**EXERCISE GOAL**
No pictures, no extra lines: copy exactly from the line with "Dessin original au crayon" through the end of the entries.

---------------

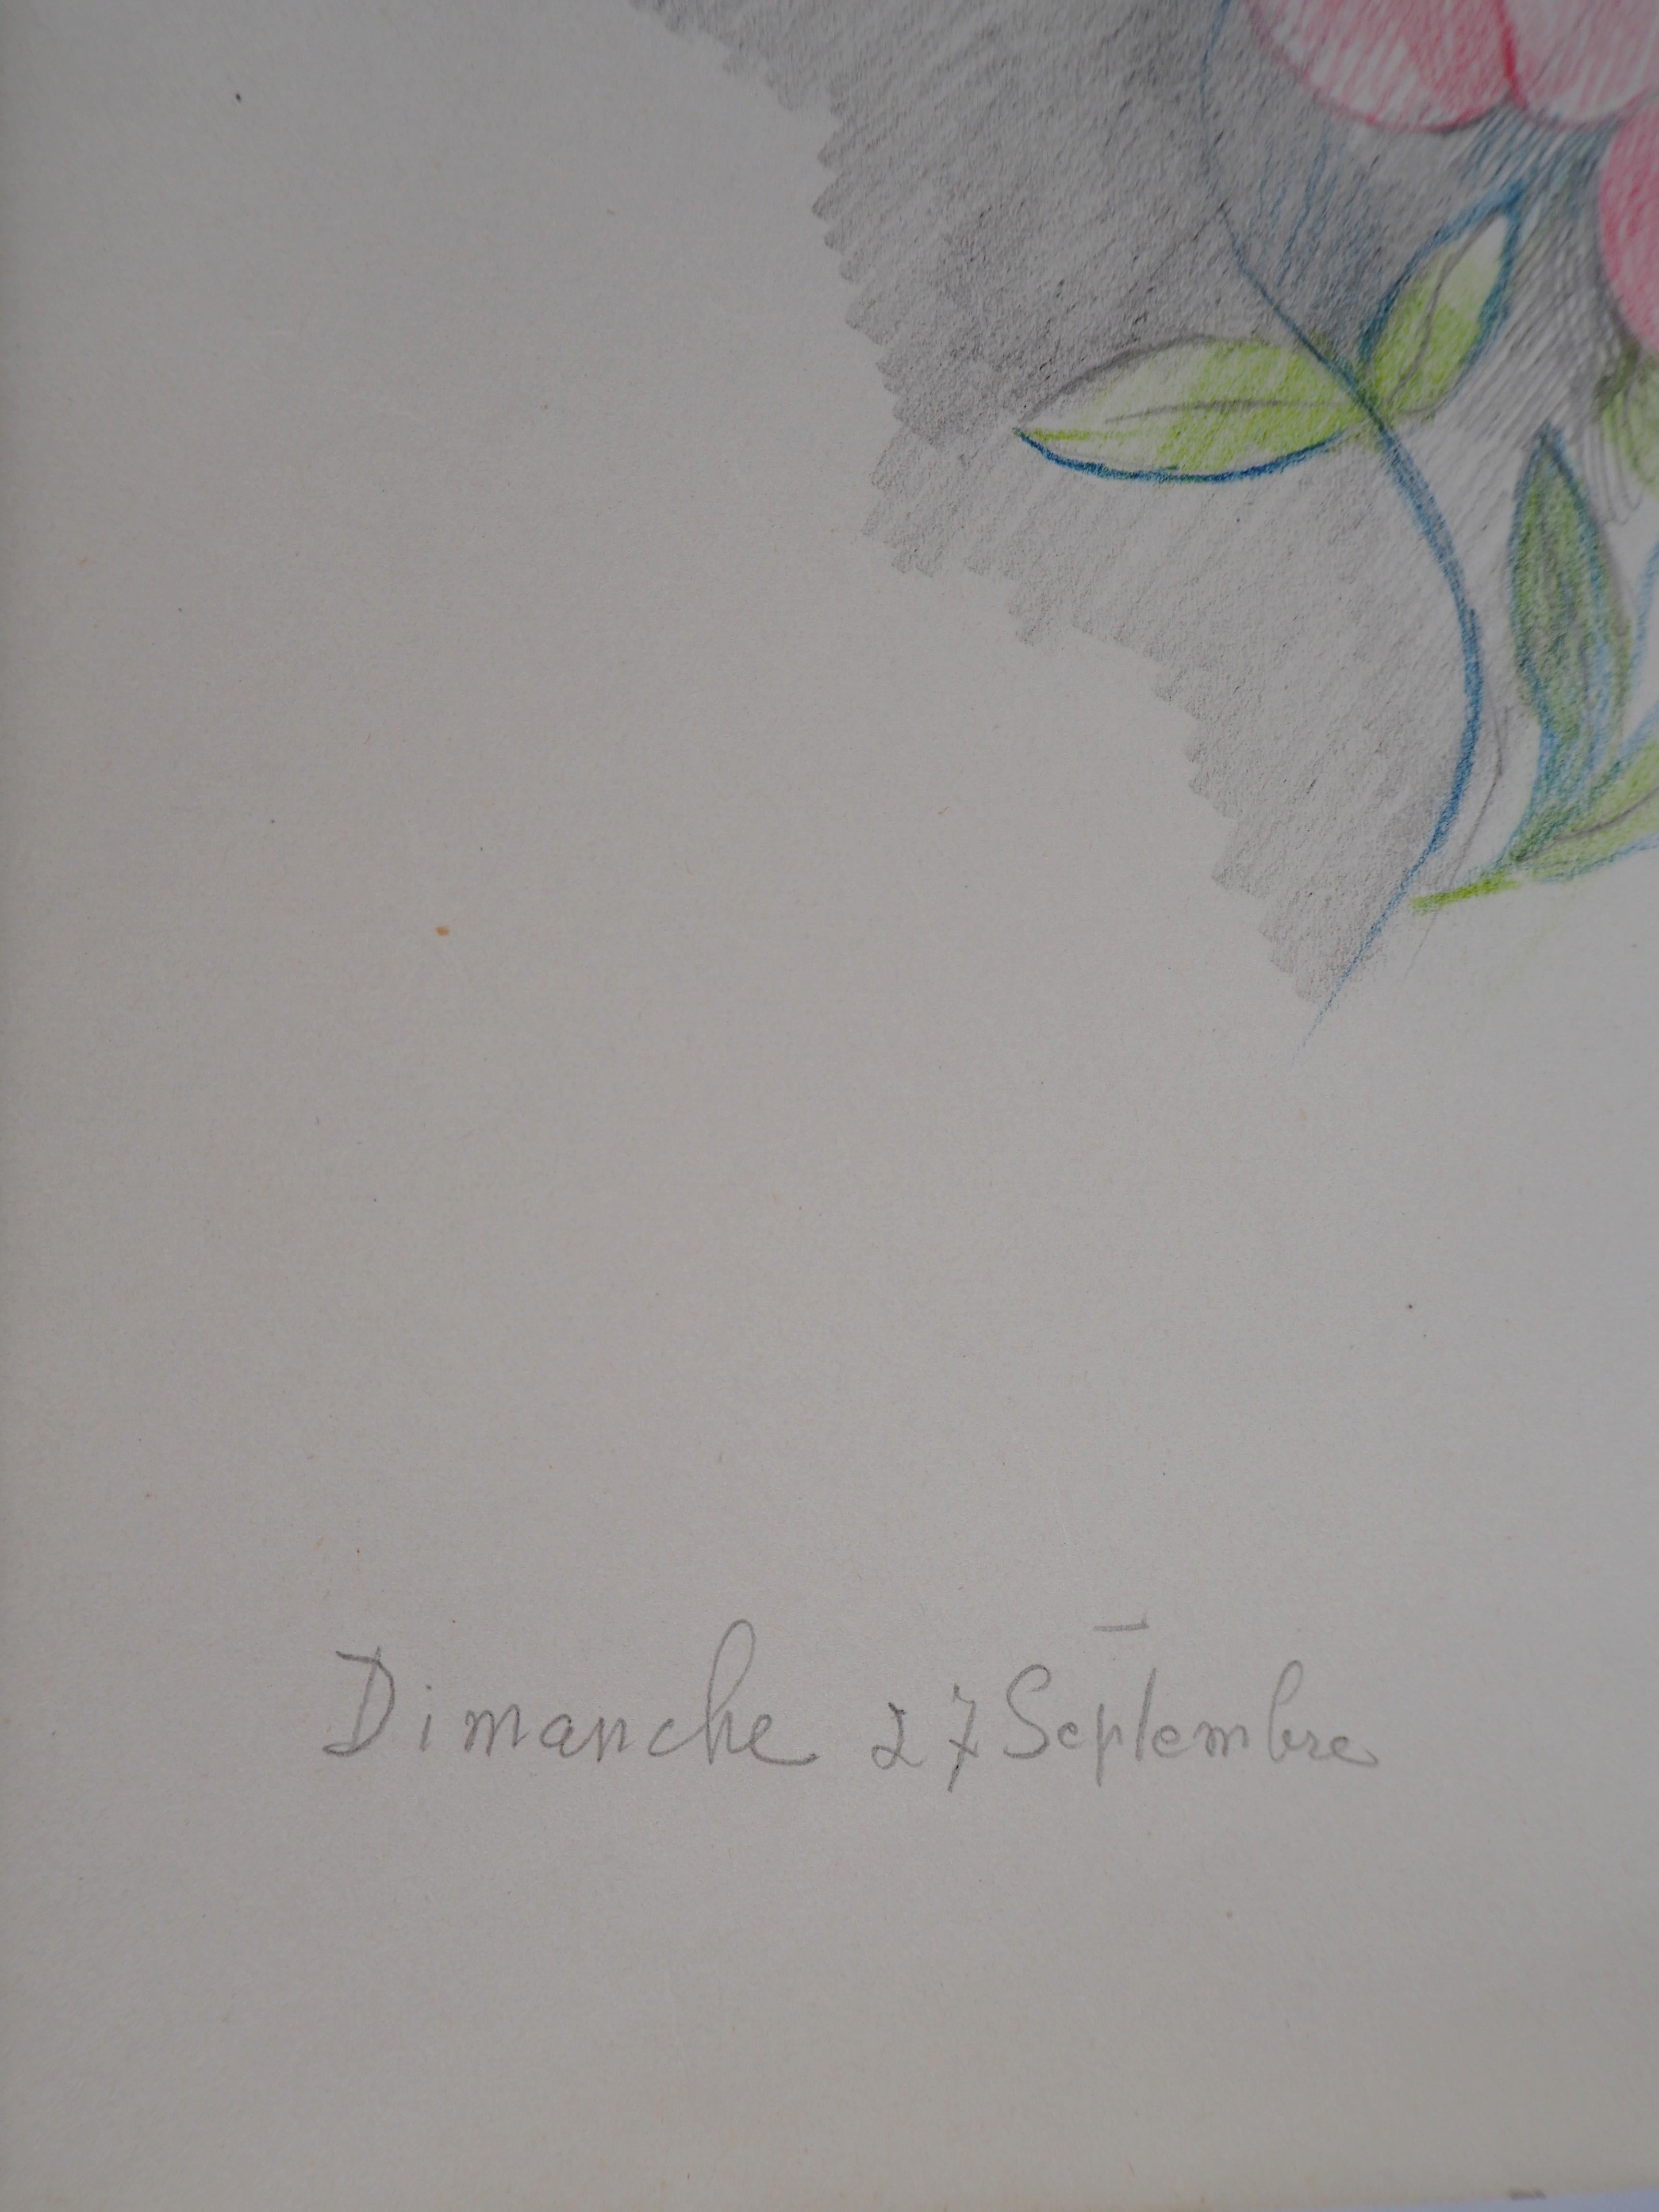 Marie LAURENCIN
Fleurs colorées, 1953

Dessin original au crayon 
Cachet de l'artiste signé
Sur papier 24,5 x 19,5 cm (environ 9,6 x 7,6 pouces)

Très bon état, marques de la manipulation sur le papier
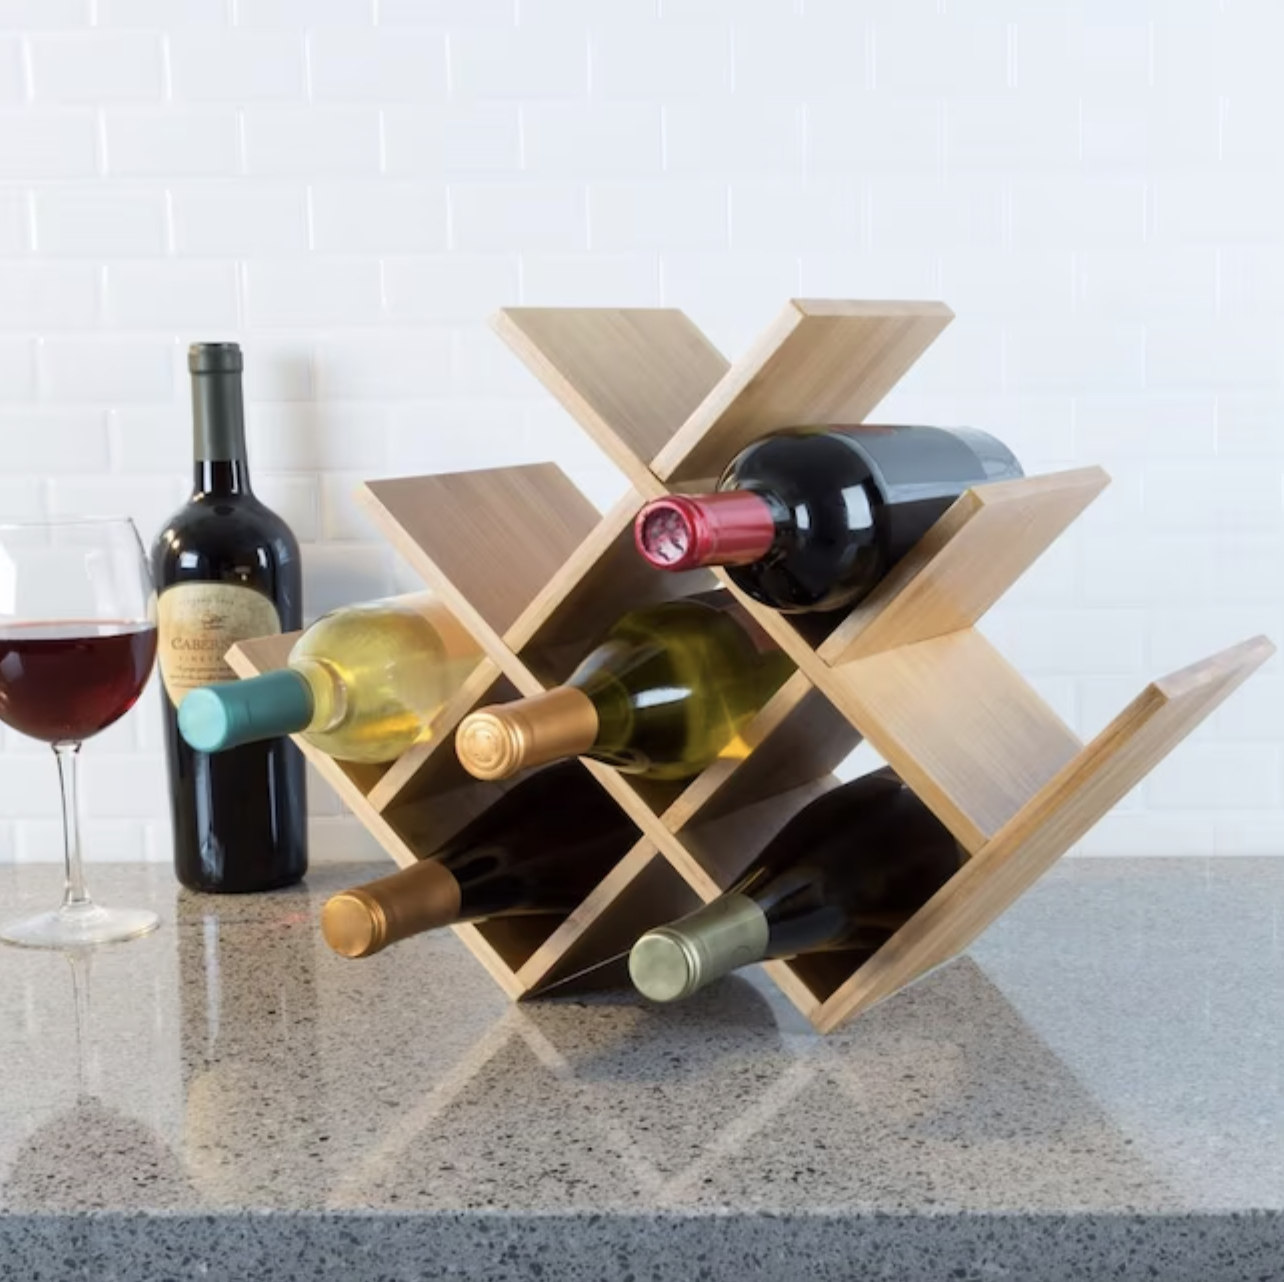 rack holding wine bottles

---------------

**EXERCISE SOLUTION**
Dessin original au crayon 
Cachet de l'artiste signé
Sur papier 24,5 x 19,5 cm (environ 9,6 x 7,6 pouces)

Très bon état, marques de la manipulation sur le papier
 rack holding wine bottles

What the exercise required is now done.